Zur gesetzlichen Fiktion eines Arbeitsverhältnisses im Fall der Arbeitnehmerüberlassung
LAG Hamm 24.7.2013, 3 Sa 1749/12Der Kläger stand ab dem 5.8.2008 bei einem Reinigungsunternehmen in einem Arbeitsverhältnis. Dieses Reinigungsunternehmen hatte mit der Beklagten, einem Bertelsmann Tochterunternehmen, eine Rahmenvereinbarung über Dienstleistungstätigkeiten im Reinigungsbereich geschlossen. Der Kläger wurde von der Reinigungsfirma im Bereich Facility-Management der Beklagten schwerpunktmäßig mit den Tätigkeiten Wareneingang, Poststelle sowie Hausmeistertätigkeiten eingesetzt.
Eine schriftliche Vereinbarung hierüber wurde zunächst nicht getroffen; erst im November 2010 erfolgte eine schriftliche Niederlegung des Leistungsumfangs im Bereich des Facility-Managements zwischen der Reinigungsfirma und der Beklagten. Dem Kläger war ein Arbeitsplatz in einem Büro zur Verfügung gestellt, welches vollständig mit Betriebsmitteln der Beklagten ausgestattet war, z.B. Computer mit Anschluss an das betriebsinterne Netzwerk. Für Botendienste nutzte der Kläger auch Fahrzeuge der Beklagten, obwohl die Reinigungsfirma am Standort eigene Fahrzeuge vorhielt. Von der Beklagten erhielt der Kläger auch Sicherheitsschuhe und eine Windjacke, welche auch anderen Mitarbeitern der Beklagten im Facility-Management überlassen wurde.
Mit seiner Klage begehrt der Kläger die Feststellung, dass das Arbeitsverhältnis nicht zwischen ihm und der Reinigungsfirma besteht, sondern zwischen ihm und der Beklagten. Die Reinigungsfirma betreibe Arbeitnehmerüberlassung, ohne die dafür vorgeschriebene Erlaubnis zu haben.

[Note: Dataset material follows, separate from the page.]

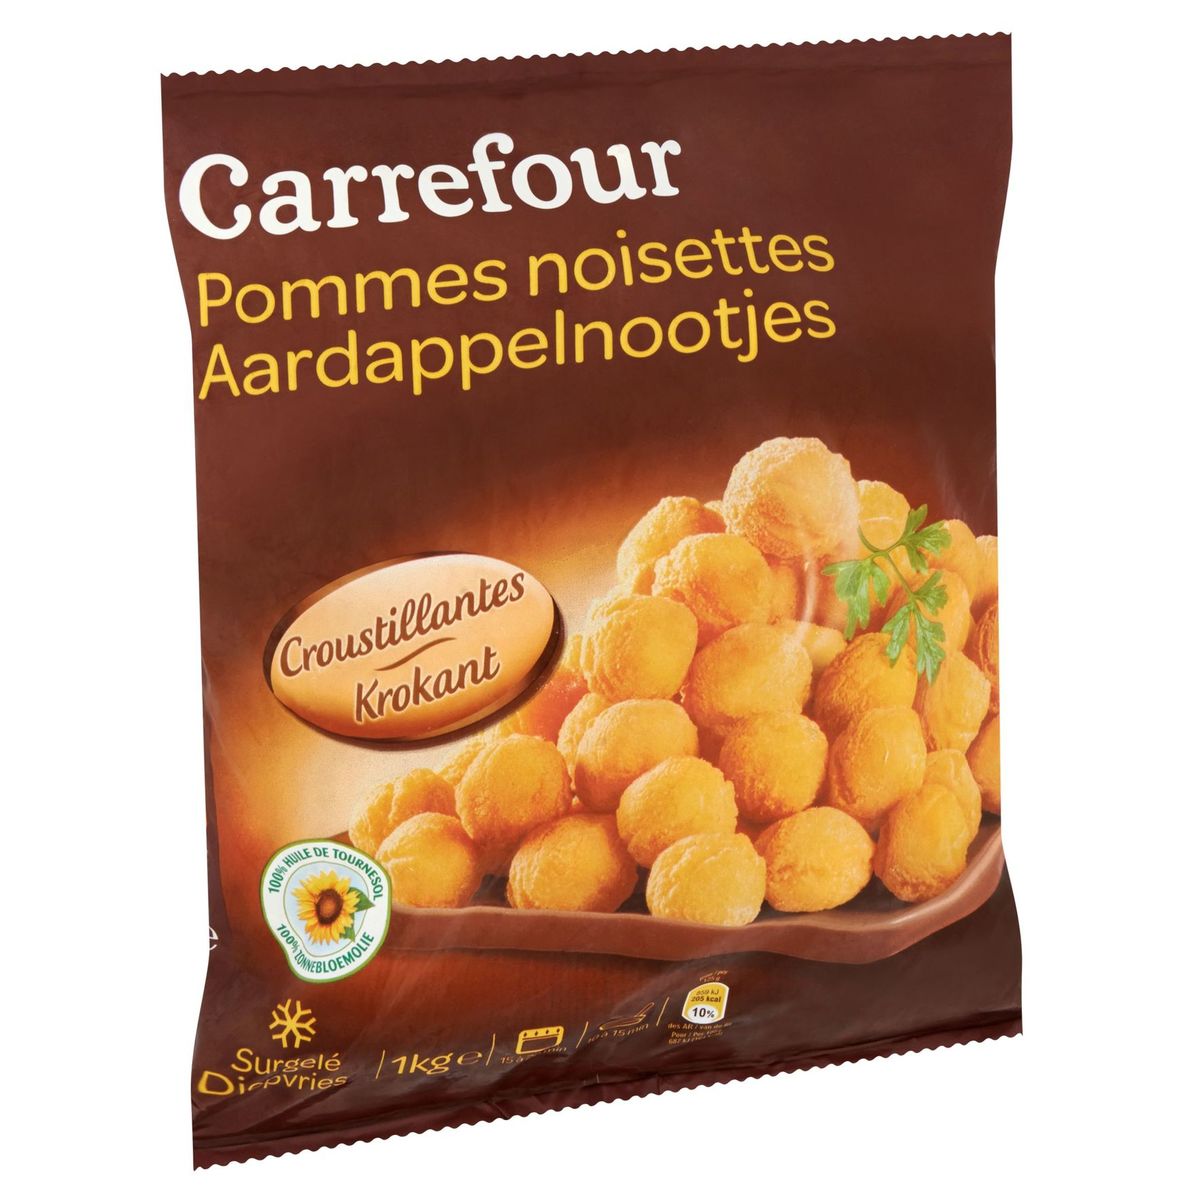 Carrefour Aardappelnootjes Krokant 1 kg

Das ArbG gab der Klage statt und stellte fest, dass zwischen dem Kläger und der Beklagten seit dem 5.8.2008 ein unbefristetes Arbeitsverhältnis besteht. Die Berufung der Beklagten blieb vor dem LAG ohne Erfolg. Die Revision zum BAG wurde nicht zugelassen.
Die Gründe:
Zwischen den Parteien des Rechtsstreits ist aufgrund gesetzlicher Fiktion ein Arbeitsverhältnis zustande gekommen, da der Kläger aufgrund eines Arbeitnehmerüberlassungsvertrages zwischen der Reinigungsfirma und der Beklagten und nicht aufgrund eines Werk- oder Dienstvertrages tätig geworden ist und die Reinigungsfirma die erforderliche Genehmigung für Arbeitnehmerüberlassung nicht hat.
Maßgeblich für die Abgrenzung der Vertragstypen ist der Geschäftsinhalt, der sich sowohl aus den Vereinbarungen der Vertragsparteien als auch aus der praktischen Durchführung des Vertrages ergeben kann. Die Tätigkeit des Klägers war einerseits vom Rahmenvertrag nicht umfasst; andererseits hat der Kläger hinreichende Indizien vorgetragen, dass er in die betriebliche Organisation bei der Beklagten eingegliedert war und deren Weisungen unterlag. Deswegen ist von unerlaubter Arbeitnehmerüberlassung auszugehen. Der Beklagten ist es demgegenüber im Prozess nicht gelungen, konkret vorzutragen, welche Abreden mit der Reinigungsfirma der Tätigkeit des Klägers zu Grunde lagen.